### Exercise prompt:
Repeat the listing below in full and exactly. Pictures are to be omitted.
───── Source material ─────
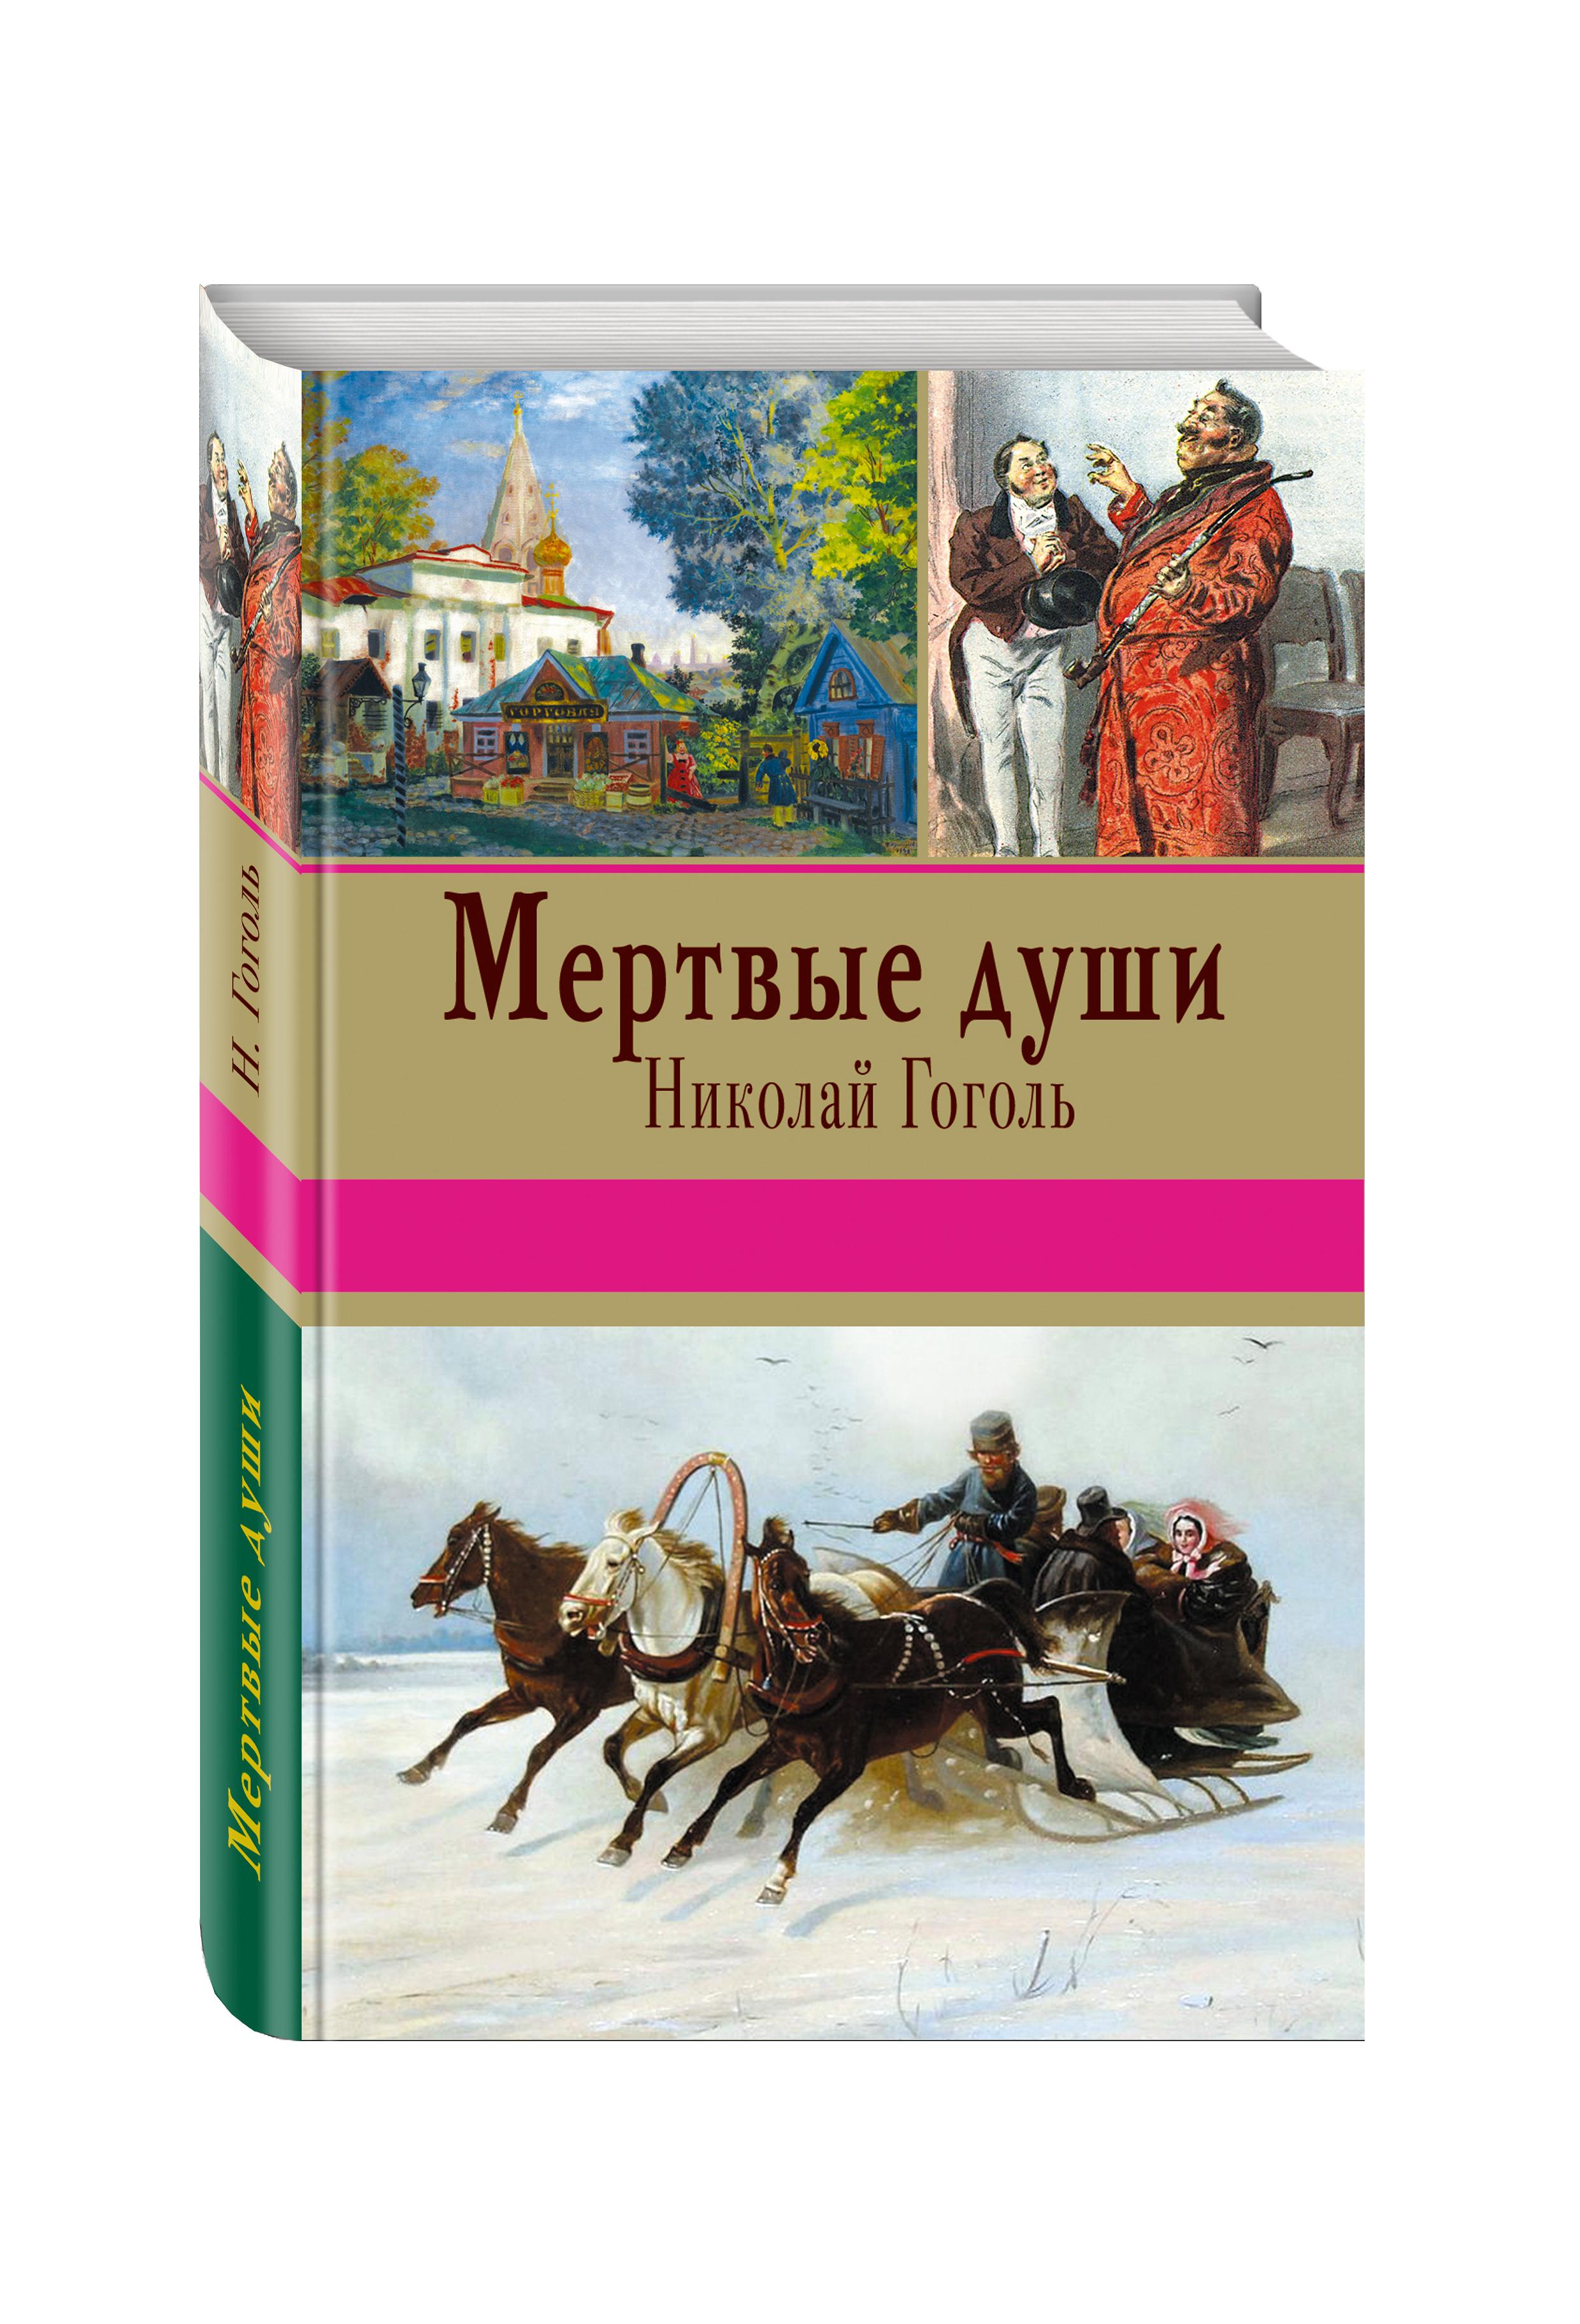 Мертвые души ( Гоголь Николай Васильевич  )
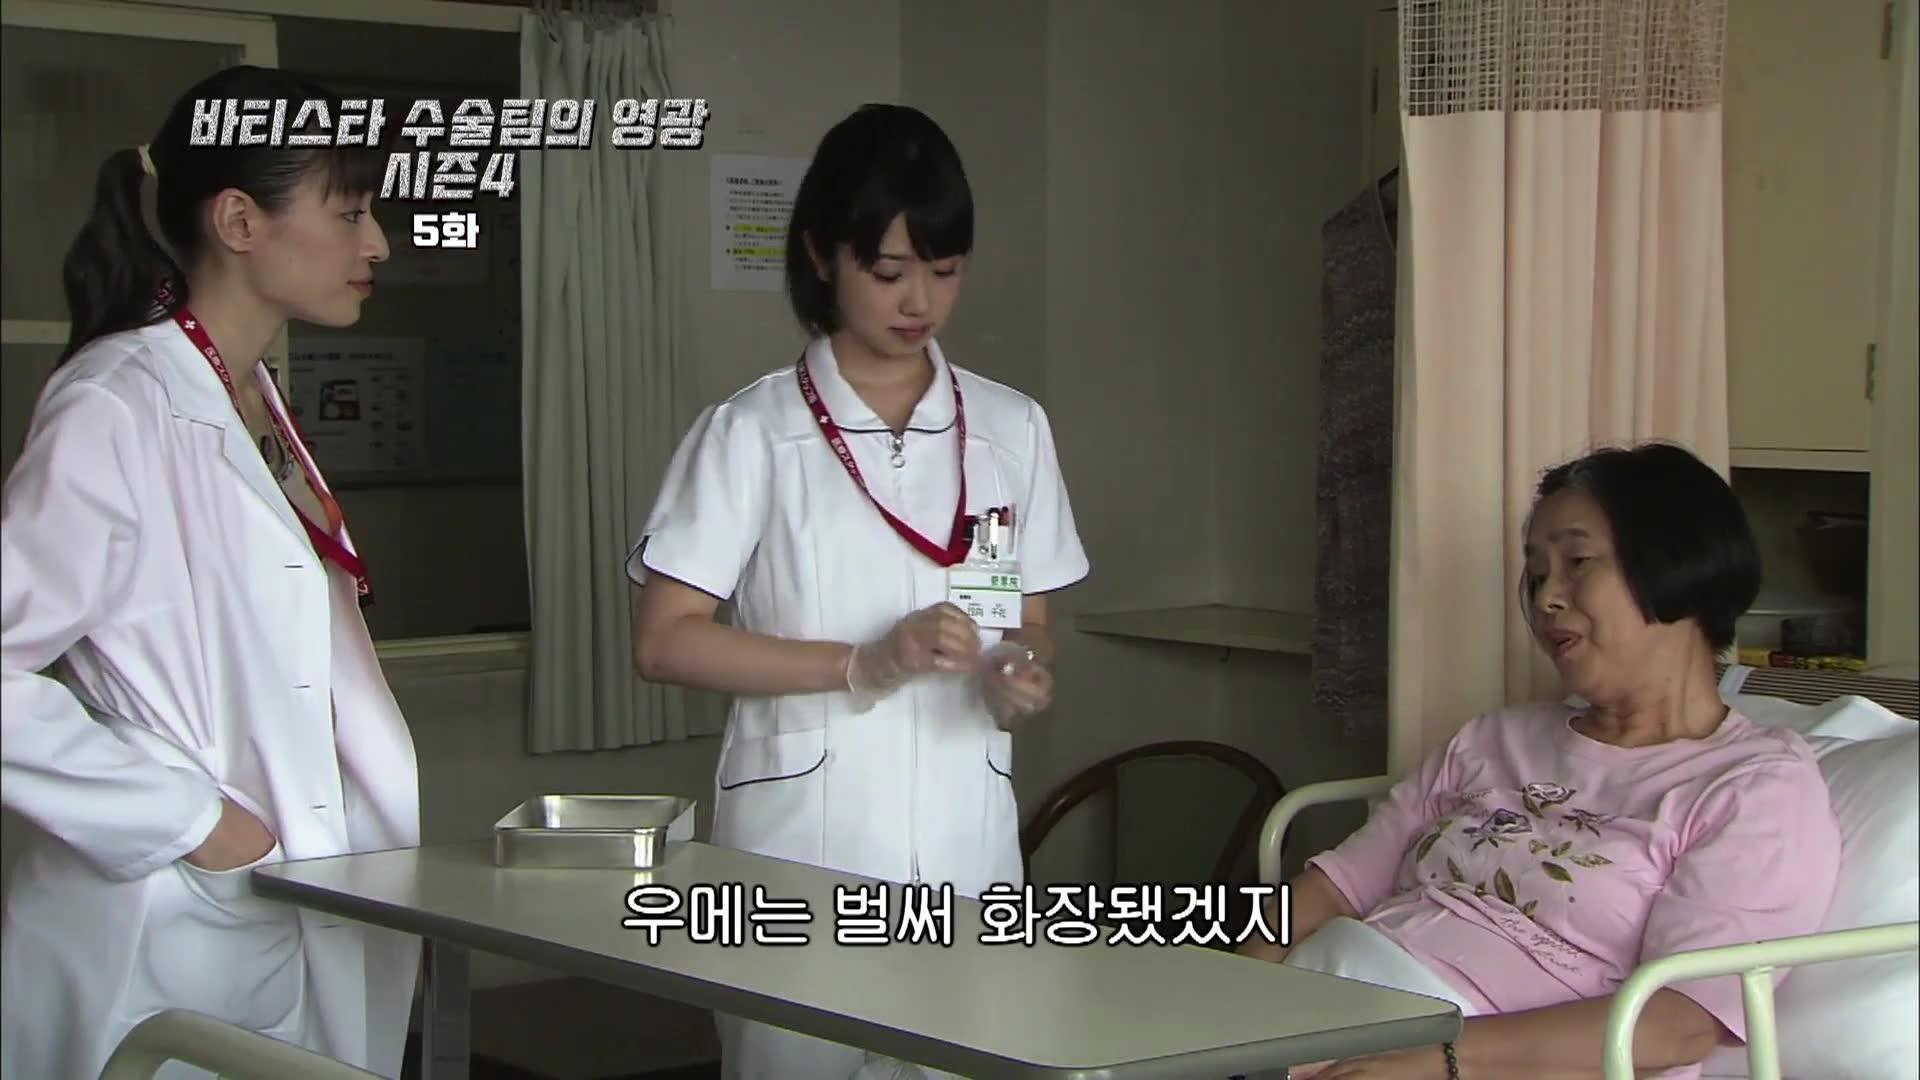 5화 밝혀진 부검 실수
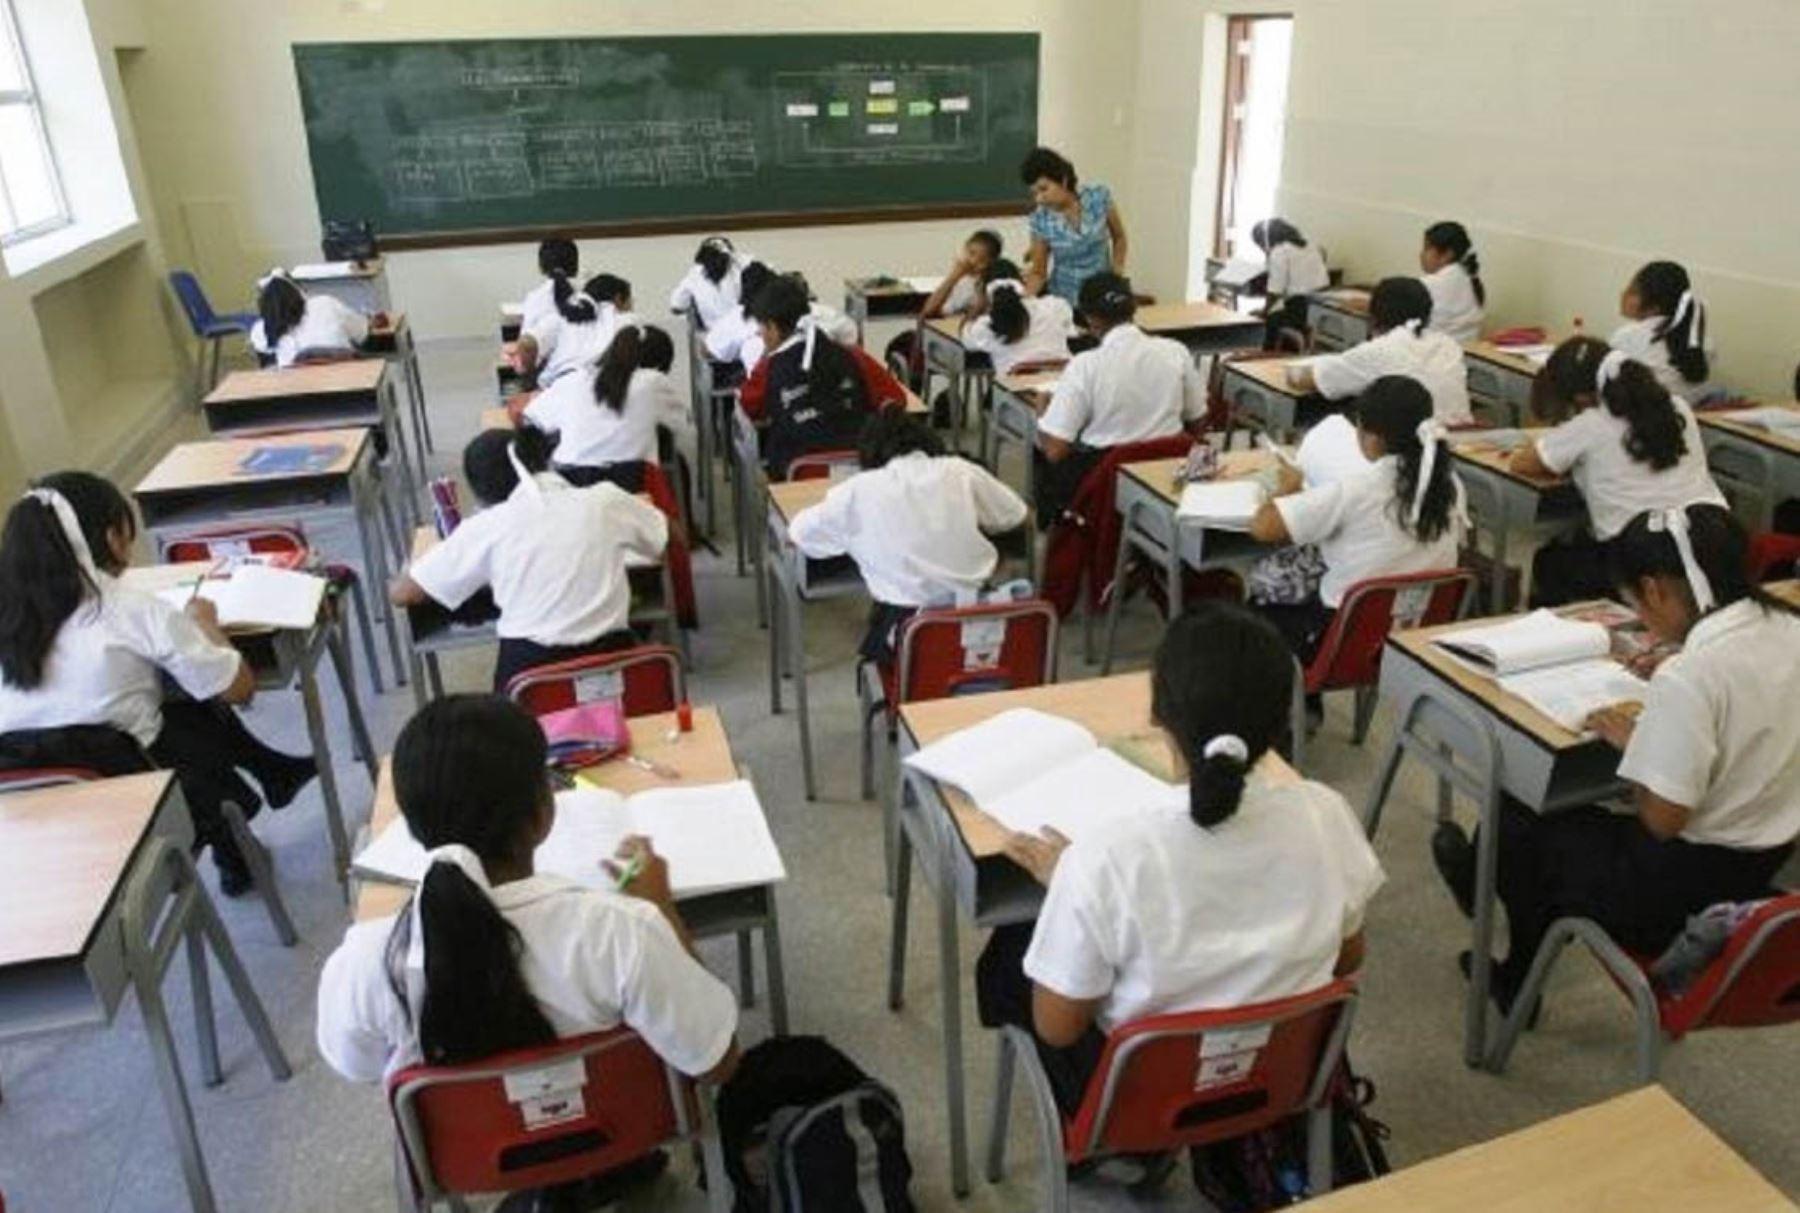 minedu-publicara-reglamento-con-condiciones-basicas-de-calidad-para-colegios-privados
─────
### Solution for this task:
 Мертвые души ( Гоголь Николай Васильевич  )
 5화 밝혀진 부검 실수
 minedu-publicara-reglamento-con-condiciones-basicas-de-calidad-para-colegios-privados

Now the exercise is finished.